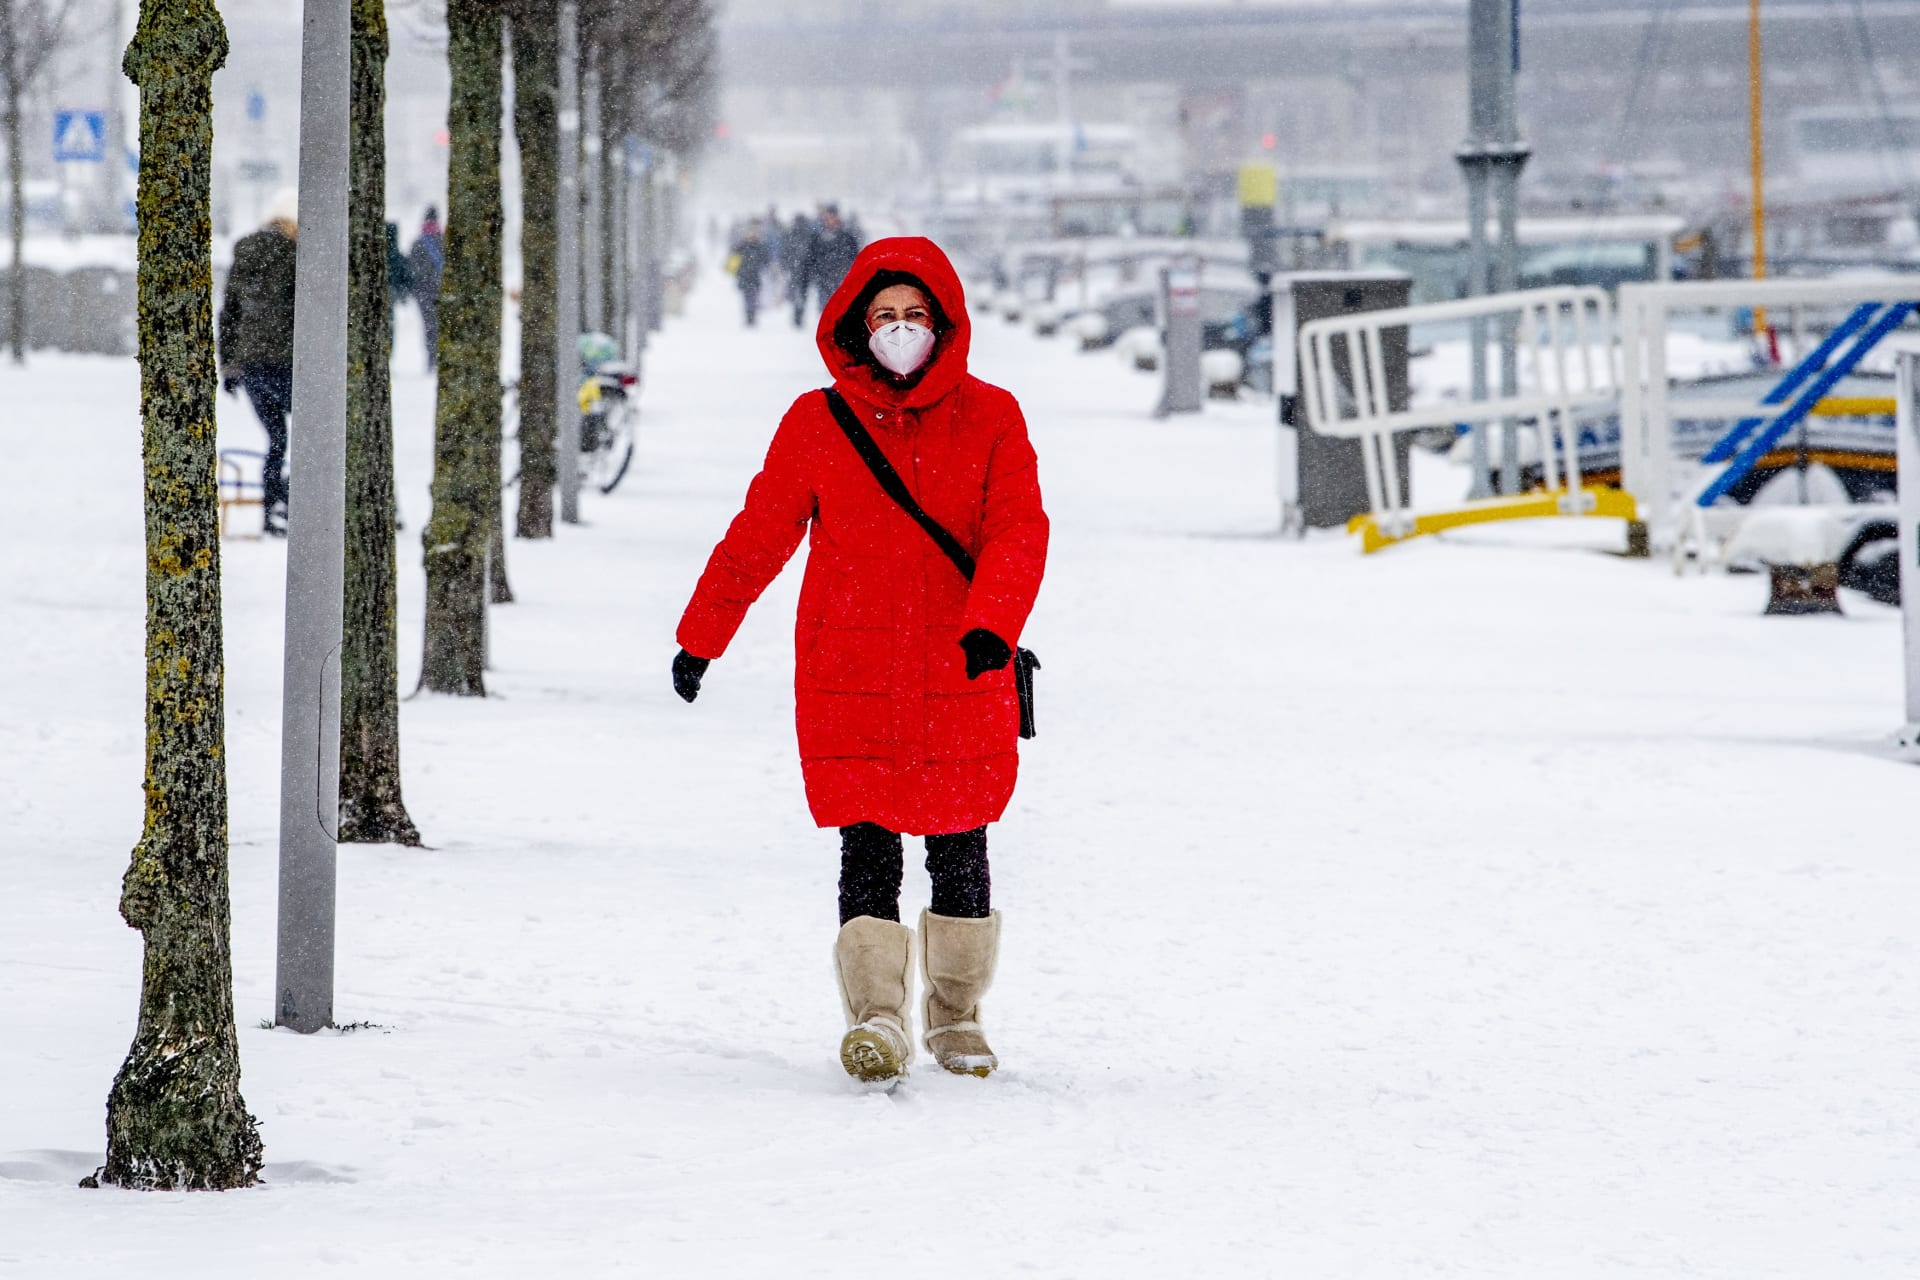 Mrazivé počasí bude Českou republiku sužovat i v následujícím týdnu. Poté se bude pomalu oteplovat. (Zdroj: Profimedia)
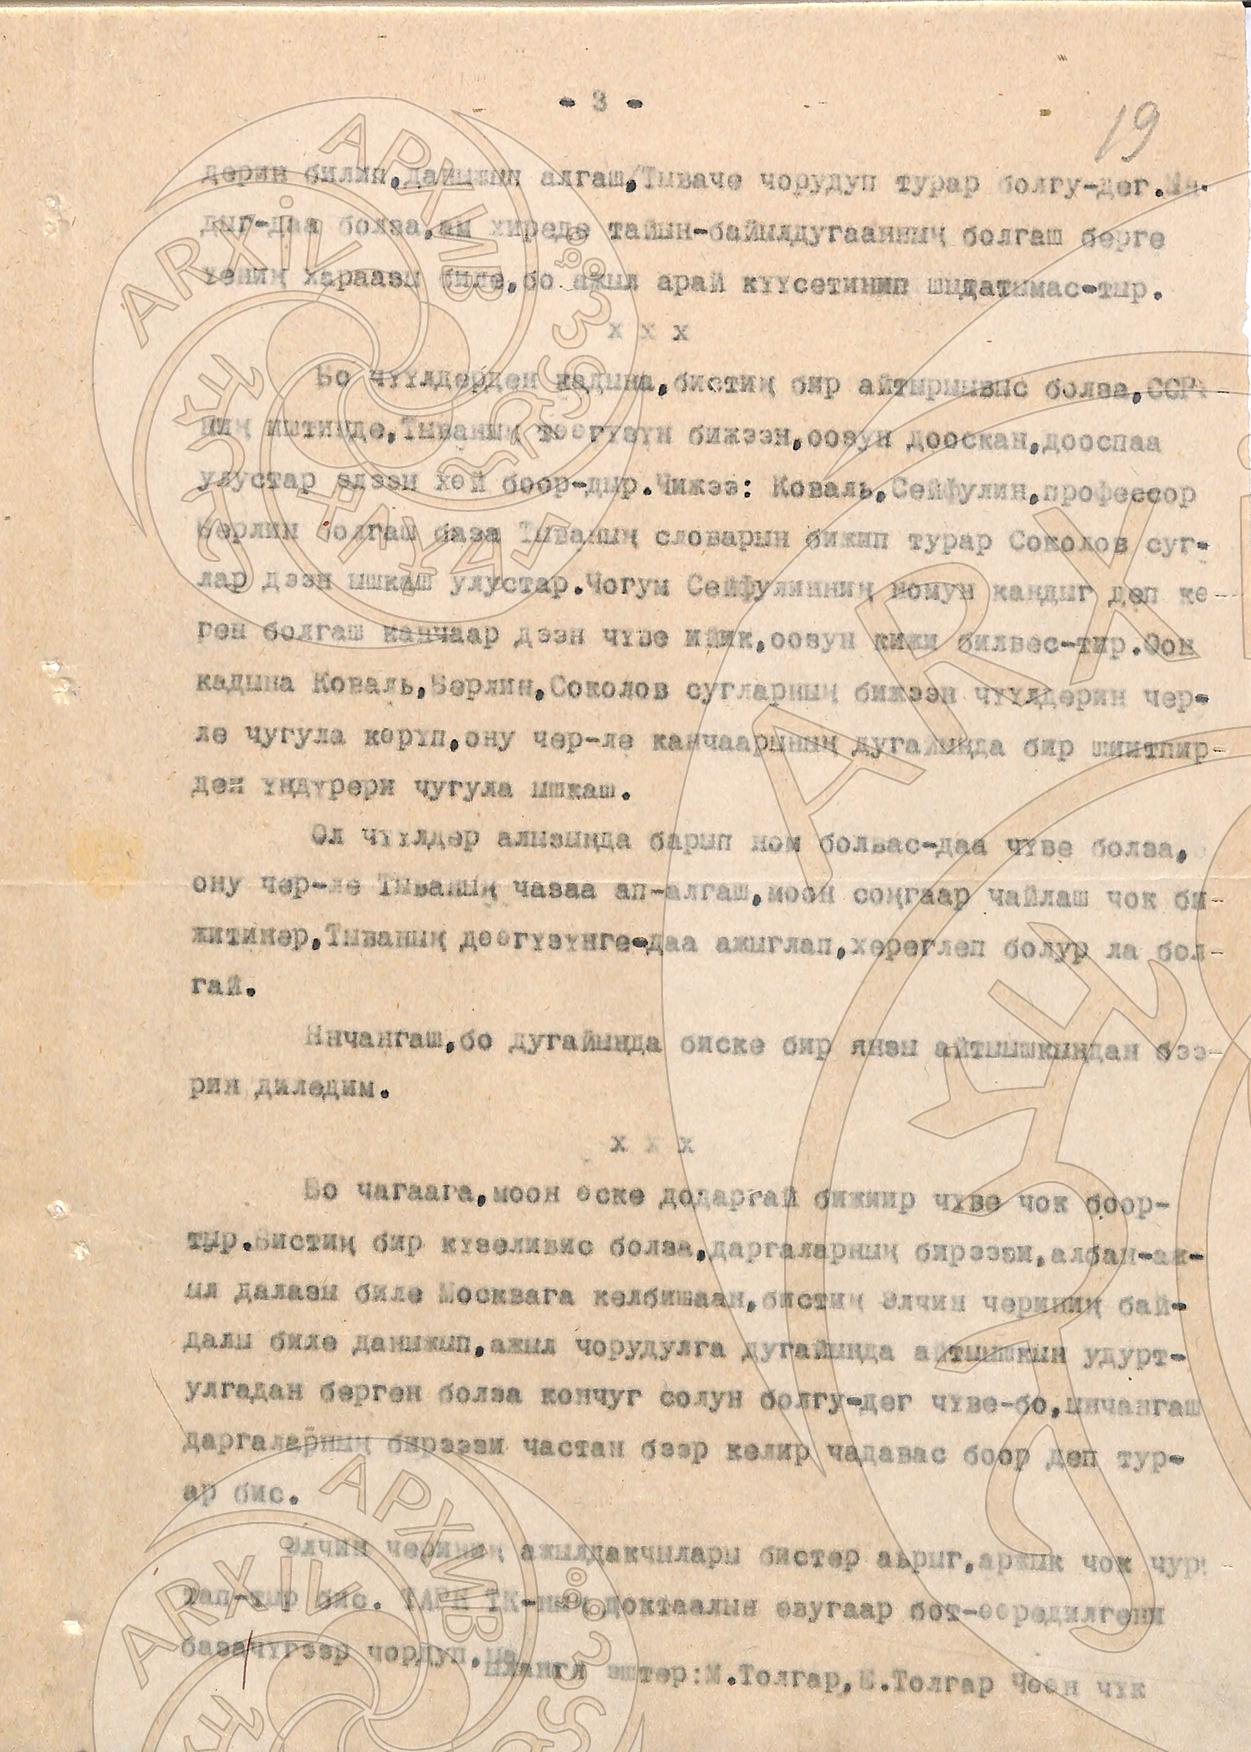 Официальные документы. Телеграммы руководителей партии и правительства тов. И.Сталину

* * *

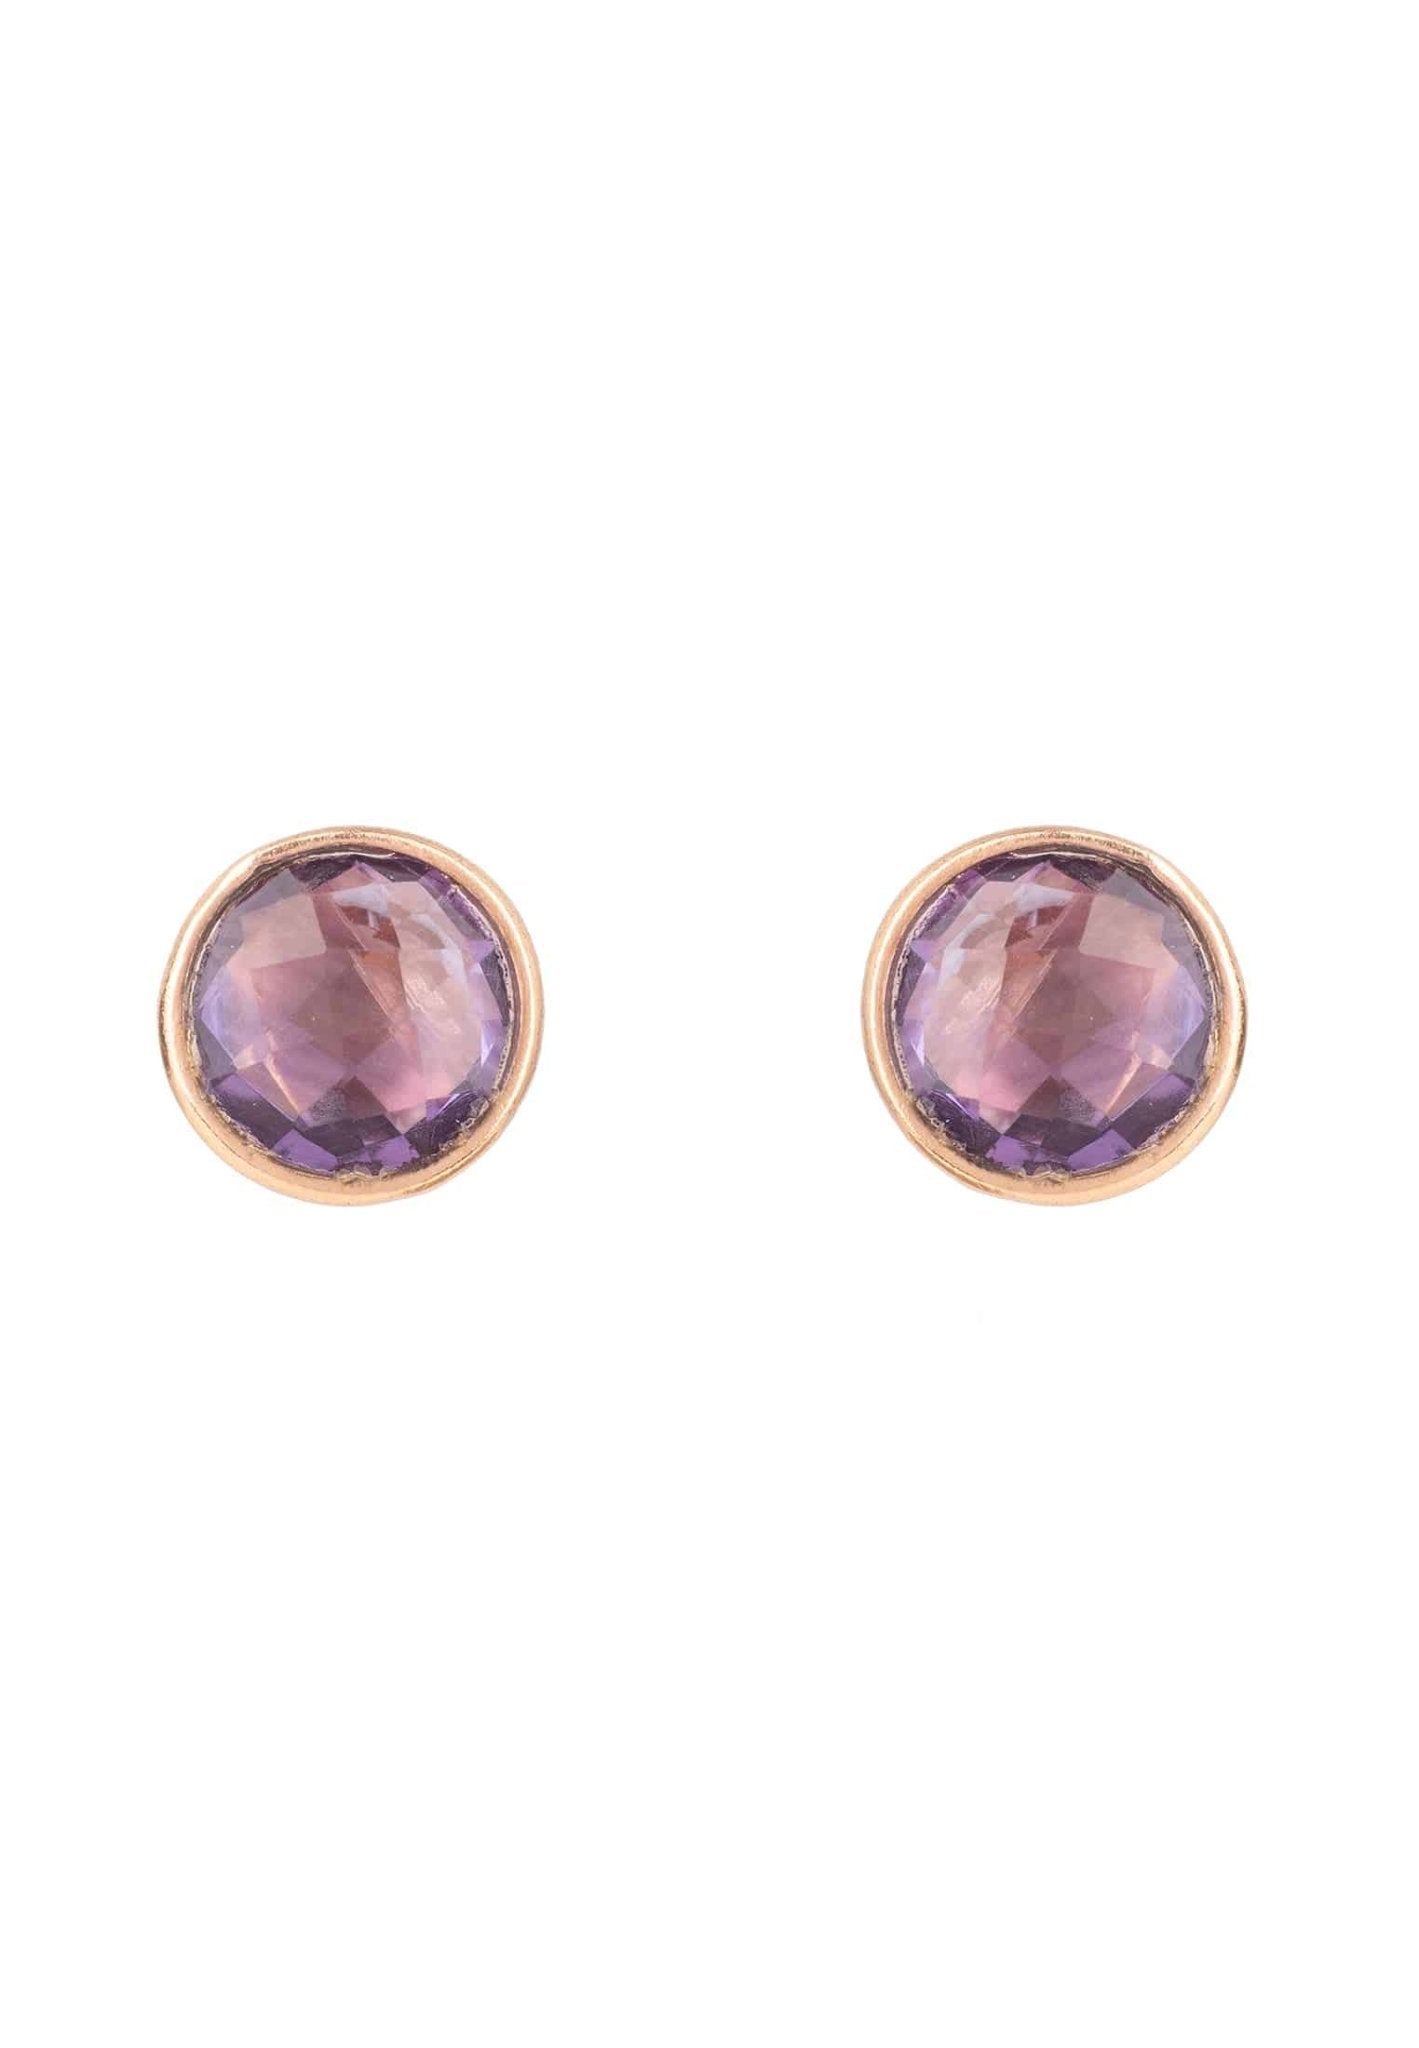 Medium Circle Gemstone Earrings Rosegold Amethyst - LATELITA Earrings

**What to work on**
Nothing but the lines from the one containing "Mrazivé počasí bude" through the one containing "Официальные документы. Телеграммы" should appear, copied exactly from the material above and without pictures.

**Exercise output**
 Mrazivé počasí bude Českou republiku sužovat i v následujícím týdnu. Poté se bude pomalu oteplovat. (Zdroj: Profimedia)
 Официальные документы. Телеграммы руководителей партии и правительства тов. И.Сталину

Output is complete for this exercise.